Distributed Wrangler#

class boxtree.distributed.calculation.DistributedExpansionWrangler(context, comm, global_traversal, traversal_in_device_memory, communicate_mpoles_via_allreduce=False)[source]#

Distributed expansion wrangler base class.

This is an abstract class and should not be directly instantiated. Instead, it is expected that all distributed wranglers should be subclasses of this class.

__init__(context, comm, global_traversal, traversal_in_device_memory, communicate_mpoles_via_allreduce=False)[source]#
distribute_source_weights(src_weight_vecs, src_idx_all_ranks)[source]#

Used by the distributed implementation for transferring needed source weights from root rank to each worker rank in the communicator.

This method needs to be called collectively by all ranks in the communicator.

  • src_weight_vecs – a sequence of numpy.ndarray, each with length nsources, representing the weights of sources on the root rank. None on worker ranks.

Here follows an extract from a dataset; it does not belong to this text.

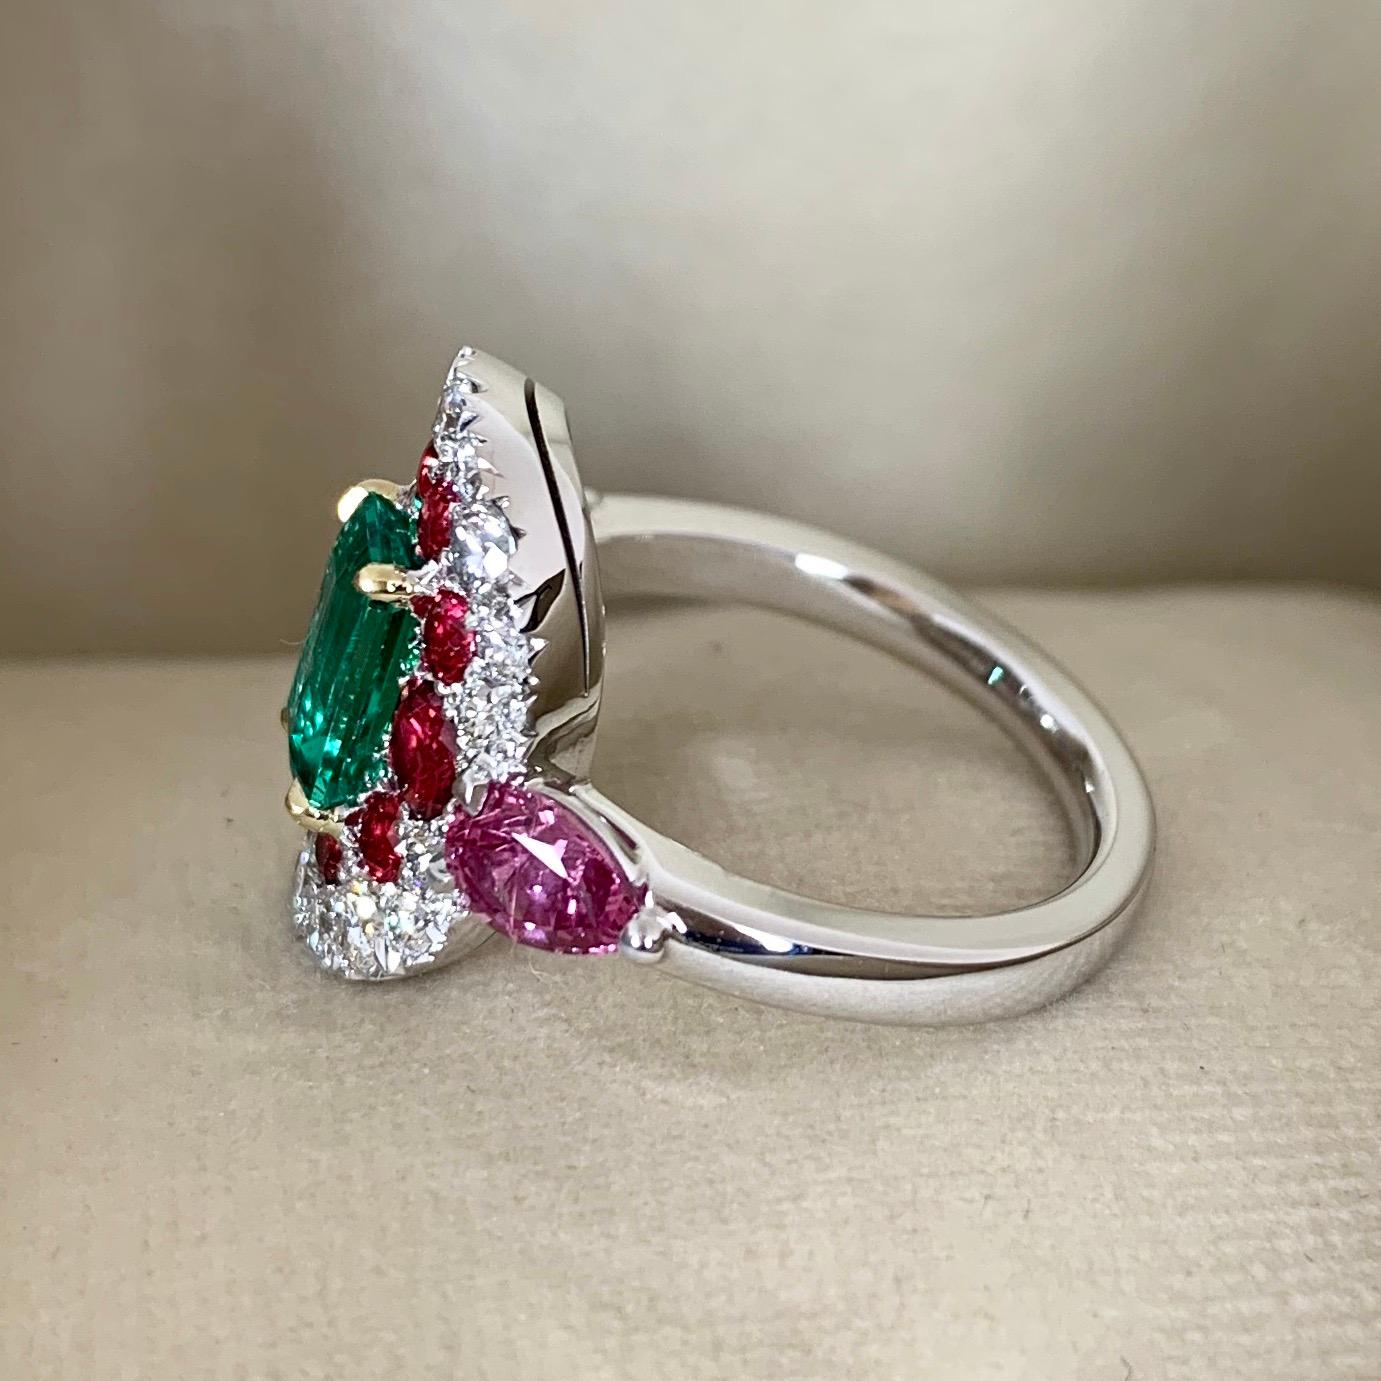 Introducing a one-of-a-kind ring that is sure to capture the attention of any jewelry connoisseur. Crafted from 18K white gold, this ring features prongs in yellow gold.
The center of this exquisite ring boasts a stunning, unoiled Colombian emerald

  • src_idx_all_ranks – a list of length nranks, including the root rank, where the i-th entry is a numpy.ndarray of indices, of which src_weight_vecs to be sent from the root rank to rank i. Each entry can be generated by generate_local_tree(). None on worker ranks.


Received source weights of the current rank, including the root rank.

gather_potential_results(potentials, tgt_idx_all_ranks)[source]#

Used by the distributed implementation for gathering calculated potentials from all worker ranks in the communicator to the root rank.

This method needs to be called collectively by all ranks in the communicator.

  • potentials – Calculated potentials on each rank. This argument is significant on all ranks, including the root rank.

  • tgt_idx_all_ranks – a list of length nranks, where the i-th entry is a numpy.ndarray of the global potential indices of potentials from rank i. This argument is only significant on the root rank.


Gathered potentials on the root rank. None on worker ranks.

communicate_mpoles(mpole_exps, return_stats=False)[source]#

Based on Algorithm 3: Reduce and Scatter in Lashuk et al. [1].

The main idea is to mimic an allreduce as done on a hypercube network, but to decrease the bandwidth cost by sending only information that is relevant to the rank receiving the message.

Distributed FMM Evaluation#

The distributed version of the FMM evaluation shares the same interface as the shared-memory version. To evaluate FMM in a distributed manner, use a subclass of boxtree.distributed.calculation.DistributedExpansionWrangler in boxtree.fmm.drive_fmm().